*** Opening RECORDS SHOWN ***

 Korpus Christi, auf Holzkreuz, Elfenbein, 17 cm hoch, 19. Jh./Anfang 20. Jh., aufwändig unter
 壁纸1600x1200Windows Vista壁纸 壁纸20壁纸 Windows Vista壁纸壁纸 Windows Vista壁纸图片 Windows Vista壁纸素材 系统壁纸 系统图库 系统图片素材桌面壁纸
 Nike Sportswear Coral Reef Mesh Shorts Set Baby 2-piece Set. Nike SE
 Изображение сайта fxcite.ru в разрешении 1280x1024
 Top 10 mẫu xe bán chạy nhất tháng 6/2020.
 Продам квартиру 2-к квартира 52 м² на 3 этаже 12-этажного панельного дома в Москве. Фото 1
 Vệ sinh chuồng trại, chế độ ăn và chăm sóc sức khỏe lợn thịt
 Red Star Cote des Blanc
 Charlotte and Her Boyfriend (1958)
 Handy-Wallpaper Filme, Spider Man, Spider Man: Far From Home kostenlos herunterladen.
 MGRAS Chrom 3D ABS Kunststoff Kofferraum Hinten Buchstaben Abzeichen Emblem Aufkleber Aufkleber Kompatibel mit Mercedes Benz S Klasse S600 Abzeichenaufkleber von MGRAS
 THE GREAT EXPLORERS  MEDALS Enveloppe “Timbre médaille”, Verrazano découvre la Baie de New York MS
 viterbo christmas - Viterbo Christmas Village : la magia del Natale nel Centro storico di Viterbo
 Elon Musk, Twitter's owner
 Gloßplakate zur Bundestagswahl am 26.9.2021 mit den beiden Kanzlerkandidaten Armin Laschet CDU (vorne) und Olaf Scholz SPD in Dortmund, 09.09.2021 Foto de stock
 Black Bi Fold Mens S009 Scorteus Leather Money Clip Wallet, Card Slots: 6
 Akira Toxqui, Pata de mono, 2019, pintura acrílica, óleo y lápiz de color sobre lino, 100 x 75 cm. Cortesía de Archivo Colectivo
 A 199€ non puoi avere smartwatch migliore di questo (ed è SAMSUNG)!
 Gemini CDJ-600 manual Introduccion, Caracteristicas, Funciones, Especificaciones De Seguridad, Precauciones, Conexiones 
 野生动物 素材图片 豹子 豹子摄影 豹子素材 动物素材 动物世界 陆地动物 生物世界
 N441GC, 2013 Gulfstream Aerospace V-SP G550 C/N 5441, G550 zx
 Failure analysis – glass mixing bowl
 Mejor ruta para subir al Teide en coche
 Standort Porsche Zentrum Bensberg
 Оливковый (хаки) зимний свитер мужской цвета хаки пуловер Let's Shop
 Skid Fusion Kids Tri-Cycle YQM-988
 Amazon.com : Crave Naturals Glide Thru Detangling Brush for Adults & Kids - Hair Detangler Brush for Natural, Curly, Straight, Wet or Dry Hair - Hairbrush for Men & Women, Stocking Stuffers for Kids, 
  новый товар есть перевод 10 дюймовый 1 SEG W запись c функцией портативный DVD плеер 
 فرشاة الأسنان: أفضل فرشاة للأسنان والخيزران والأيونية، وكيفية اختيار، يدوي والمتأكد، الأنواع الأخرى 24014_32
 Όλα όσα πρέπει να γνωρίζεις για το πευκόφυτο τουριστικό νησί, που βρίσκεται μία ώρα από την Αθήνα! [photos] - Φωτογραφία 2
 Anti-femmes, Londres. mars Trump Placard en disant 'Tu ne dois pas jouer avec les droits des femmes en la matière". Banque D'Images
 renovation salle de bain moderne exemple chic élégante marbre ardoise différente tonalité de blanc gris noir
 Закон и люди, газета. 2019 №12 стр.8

*** Closing RECORDS SHOWN ***

PROBLEM REQUIREMENTS:
Word for word, restate all of the records.

EXERCISE ANSWER:
 Korpus Christi, auf Holzkreuz, Elfenbein, 17 cm hoch, 19. Jh./Anfang 20. Jh., aufwändig unter
 壁纸1600x1200Windows Vista壁纸 壁纸20壁纸 Windows Vista壁纸壁纸 Windows Vista壁纸图片 Windows Vista壁纸素材 系统壁纸 系统图库 系统图片素材桌面壁纸
 Nike Sportswear Coral Reef Mesh Shorts Set Baby 2-piece Set. Nike SE
 Изображение сайта fxcite.ru в разрешении 1280x1024
 Top 10 mẫu xe bán chạy nhất tháng 6/2020.
 Продам квартиру 2-к квартира 52 м² на 3 этаже 12-этажного панельного дома в Москве. Фото 1
 Vệ sinh chuồng trại, chế độ ăn và chăm sóc sức khỏe lợn thịt
 Red Star Cote des Blanc
 Charlotte and Her Boyfriend (1958)
 Handy-Wallpaper Filme, Spider Man, Spider Man: Far From Home kostenlos herunterladen.
 MGRAS Chrom 3D ABS Kunststoff Kofferraum Hinten Buchstaben Abzeichen Emblem Aufkleber Aufkleber Kompatibel mit Mercedes Benz S Klasse S600 Abzeichenaufkleber von MGRAS
 THE GREAT EXPLORERS  MEDALS Enveloppe “Timbre médaille”, Verrazano découvre la Baie de New York MS
 viterbo christmas - Viterbo Christmas Village : la magia del Natale nel Centro storico di Viterbo
 Elon Musk, Twitter's owner
 Gloßplakate zur Bundestagswahl am 26.9.2021 mit den beiden Kanzlerkandidaten Armin Laschet CDU (vorne) und Olaf Scholz SPD in Dortmund, 09.09.2021 Foto de stock
 Black Bi Fold Mens S009 Scorteus Leather Money Clip Wallet, Card Slots: 6
 Akira Toxqui, Pata de mono, 2019, pintura acrílica, óleo y lápiz de color sobre lino, 100 x 75 cm. Cortesía de Archivo Colectivo
 A 199€ non puoi avere smartwatch migliore di questo (ed è SAMSUNG)!
 Gemini CDJ-600 manual Introduccion, Caracteristicas, Funciones, Especificaciones De Seguridad, Precauciones, Conexiones 
 野生动物 素材图片 豹子 豹子摄影 豹子素材 动物素材 动物世界 陆地动物 生物世界
 N441GC, 2013 Gulfstream Aerospace V-SP G550 C/N 5441, G550 zx
 Failure analysis – glass mixing bowl
 Mejor ruta para subir al Teide en coche
 Standort Porsche Zentrum Bensberg
 Оливковый (хаки) зимний свитер мужской цвета хаки пуловер Let's Shop
 Skid Fusion Kids Tri-Cycle YQM-988
 Amazon.com : Crave Naturals Glide Thru Detangling Brush for Adults & Kids - Hair Detangler Brush for Natural, Curly, Straight, Wet or Dry Hair - Hairbrush for Men & Women, Stocking Stuffers for Kids, 
  новый товар есть перевод 10 дюймовый 1 SEG W запись c функцией портативный DVD плеер 
 فرشاة الأسنان: أفضل فرشاة للأسنان والخيزران والأيونية، وكيفية اختيار، يدوي والمتأكد، الأنواع الأخرى 24014_32
 Όλα όσα πρέπει να γνωρίζεις για το πευκόφυτο τουριστικό νησί, που βρίσκεται μία ώρα από την Αθήνα! [photos] - Φωτογραφία 2
 Anti-femmes, Londres. mars Trump Placard en disant 'Tu ne dois pas jouer avec les droits des femmes en la matière". Banque D'Images
 renovation salle de bain moderne exemple chic élégante marbre ardoise différente tonalité de blanc gris noir
 Закон и люди, газета. 2019 №12 стр.8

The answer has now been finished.